Occasional articles about what's coming in the next 12-24 months in health care IT.
Friday, May 13, 2016
Patients as Data Scientists: A Study about Blood Pressure
Sensors, health and wellness apps, and data analysis tools are now maturing to the point where clinicians, researchers, and even healthcare consumers can analyze and correlate interesting measurements. As I described in last week’s post I recently used some data science techniques to analyze factors that impact my blood pressure (BP).
I am not a clinician. I’m looking for patterns in data without much information about the underlying physiology.
I’m not a statistician, either. I’m not trying to prove that any of the observed results are statistically significant.
I’m not completely comfortable with publicly sharing my health information. I have removed specific values from the charts and graphs, so that I’m not publishing my actual health data, just the general trends.
Here are some of the results.
Overall average blood pressure
I’ll start with a snapshot of my average blood pressure readings. The following graph represents the average systolic blood pressure measured in 333 readings from December 25, 2015 through April 15, 2016.
Reading the graph
The horizontal axis represents systolic blood pressure, with high values on the right and low values on the left. The vertical axis represents how frequently each measurement appears in the data. The more frequently a specific reading is observed, the higher it will peak. A low point on the curve represents a relatively uncommon reading.
In this graph, there are separate lines for readings before 9:00 a.m. (red), after 6:00 p.m. (blue), and between 9:00 a.m. - 6:00 p.m. (green). The morning measurements more commonly have lower readings. Midday readings are generally higher (further to the right) and more variable (lower peaks). Evening readings are, on average, lower than midday but not as low as the morning.
The Withings blood pressure cuff records systolic, diastolic and heart rate data. I’m simplifying it by showing just one reading.
The BP cuff captures the date and time of each reading. By converting that into a day of the week in Excel (and cross-referencing my calendar), I can tell which days were workdays and which were weekends, holidays or vacation days. It’s no big surprise that being at work shifts my blood pressure slightly higher (3.5 points on average).
The benefits of cardiovascular exercise are apparent from a comparison of days that included running at least 5 km: 4.5 points lower on average.
Compared to cardio, it appears that resistance training offered no particular benefit. Days that included weight lifting had a mean and median BP reading that was nearly identical to days without.
The stress of traveling seems to increase BP by a couple of points.

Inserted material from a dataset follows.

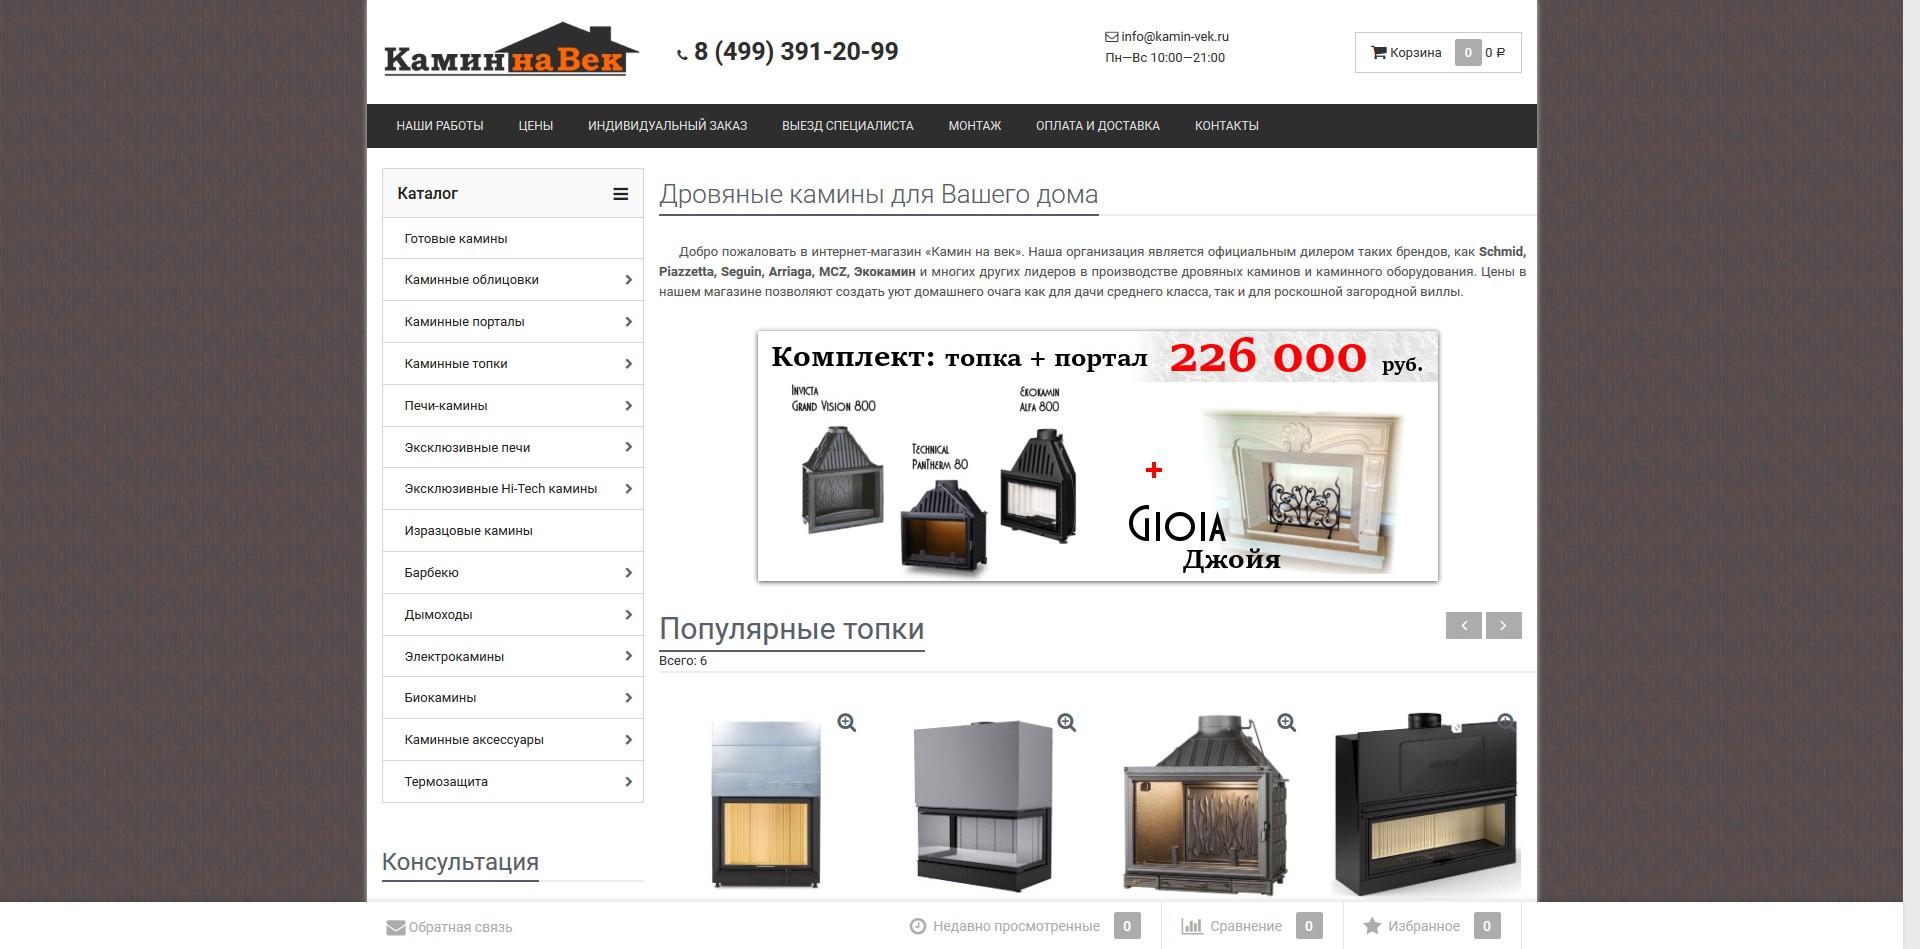 Скриншот: работа по созданию Интернет-магазина kamin-vek.ru

Cardio: -4.5 BP systolic points vs. not running
Beet juice: -2 points vs. non beet juice days
Resistance training: no effect
Workday: +3.5 BP points vs. non-workday
Travel: +4.5 BP points vs. not traveling
These findings are consistent with expectations, but the observed effects are quite small and might be smaller than the margin of error. Even so, as a patient I find it interesting to see these correlations, and it reinforces the need for exercise. From my doctor’s point of view, the daily BP readings provide more value from the analysis, because they show a more complete picture than the measurements he takes in his office once a year.

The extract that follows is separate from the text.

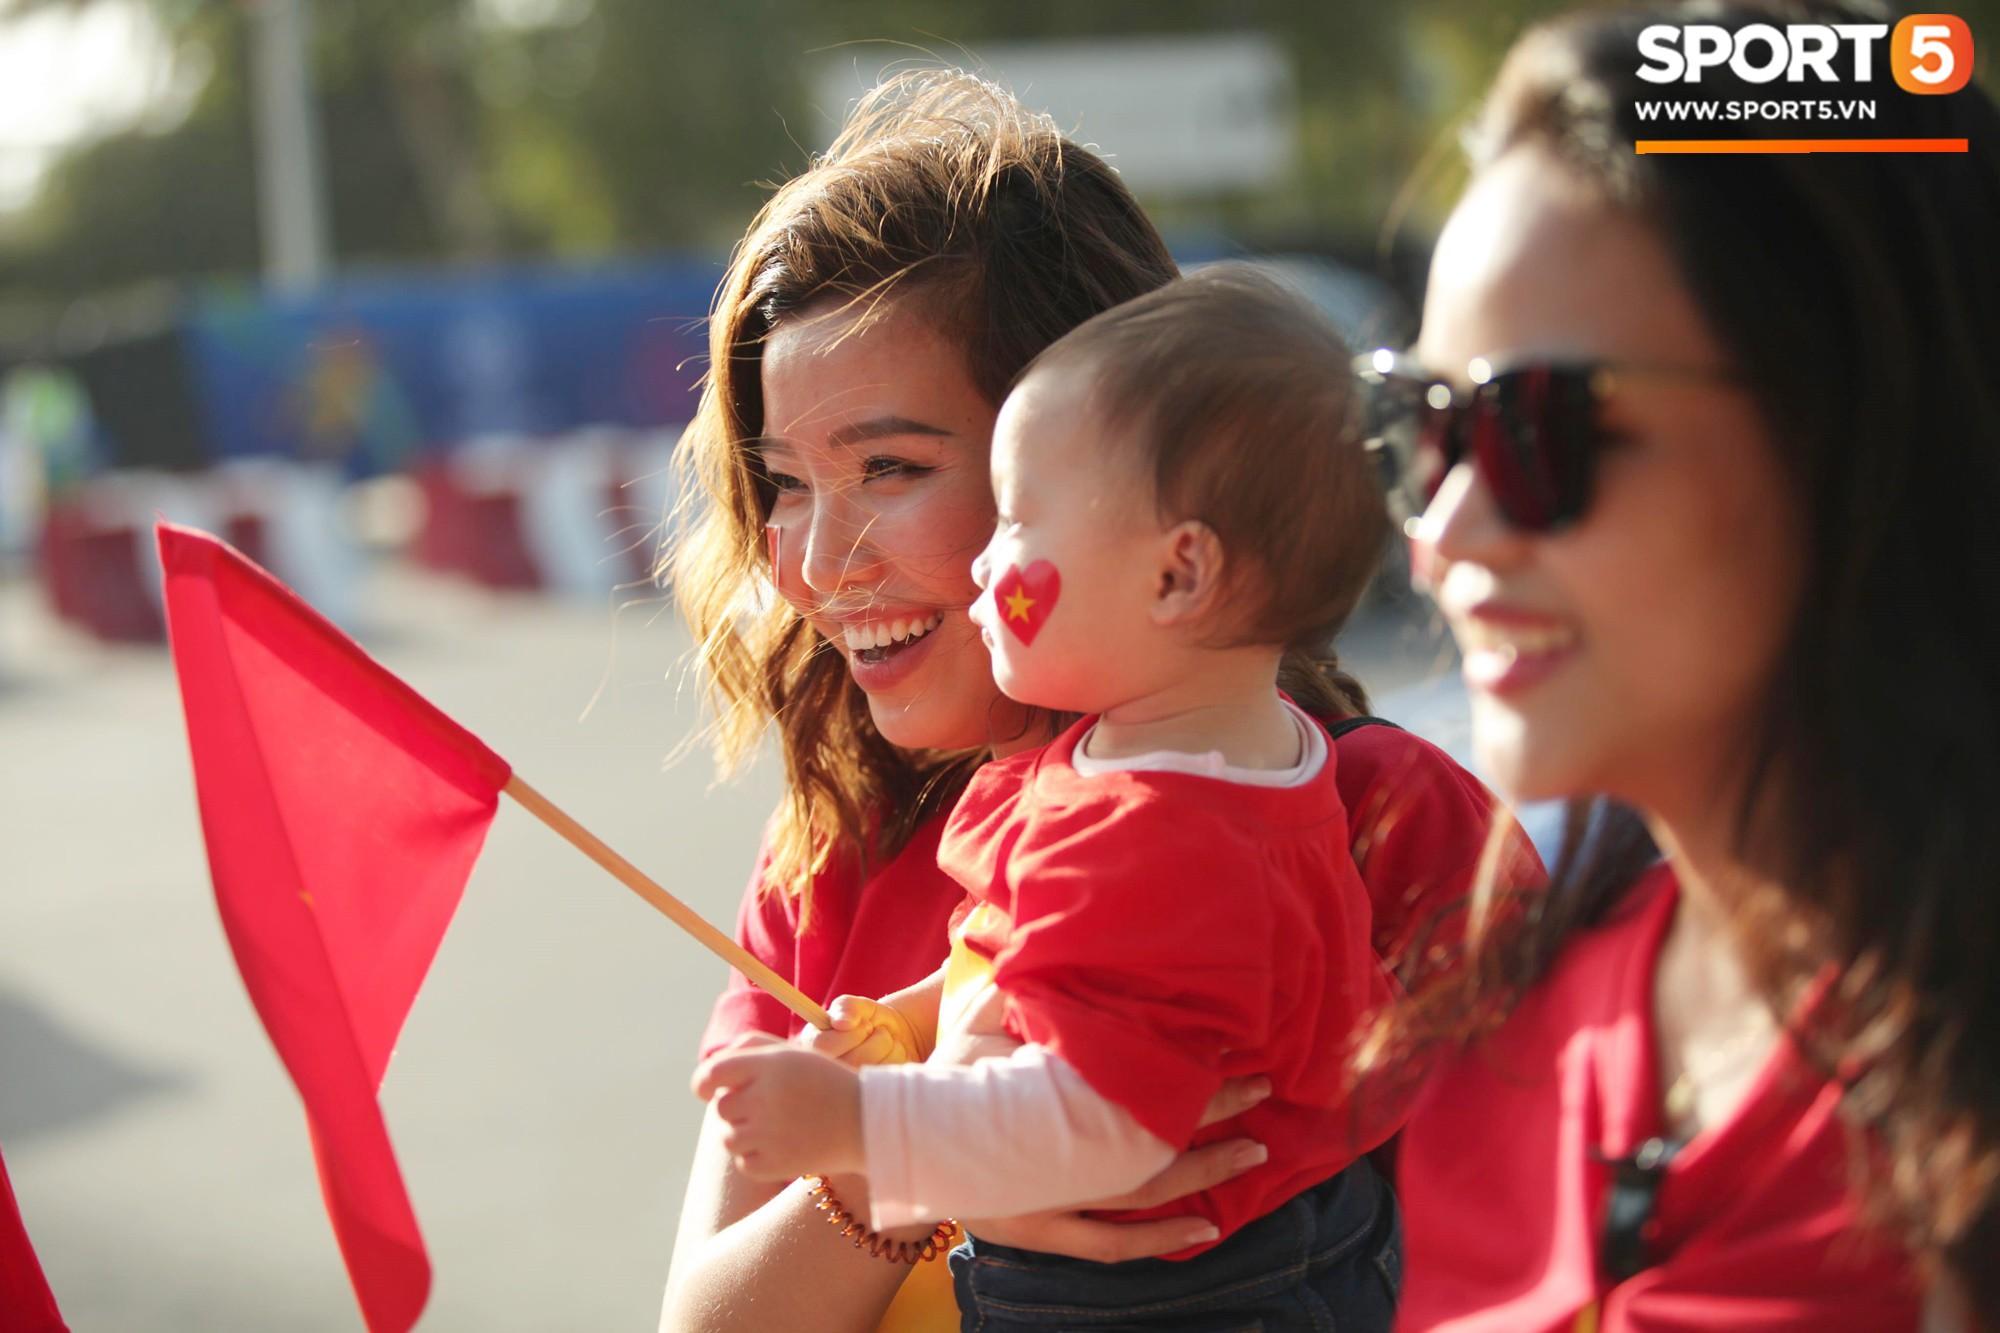 Dàn fangirl xinh đẹp tiếp lửa cho đội tuyển Việt Nam trước trận gặp Iraq-7

Another result of this exercise is that I was able to demonstrate it’s possible to collect, combine and analyze data using low-cost equipment and tools. In the next installment, I will dive into the details of how I carried out the analysis and discuss the tools and techniques I used. I’ll demonstrate how it’s now possible to conduct this type of study without a science lab.
There is still a long way to go to make this a simple, automatic process.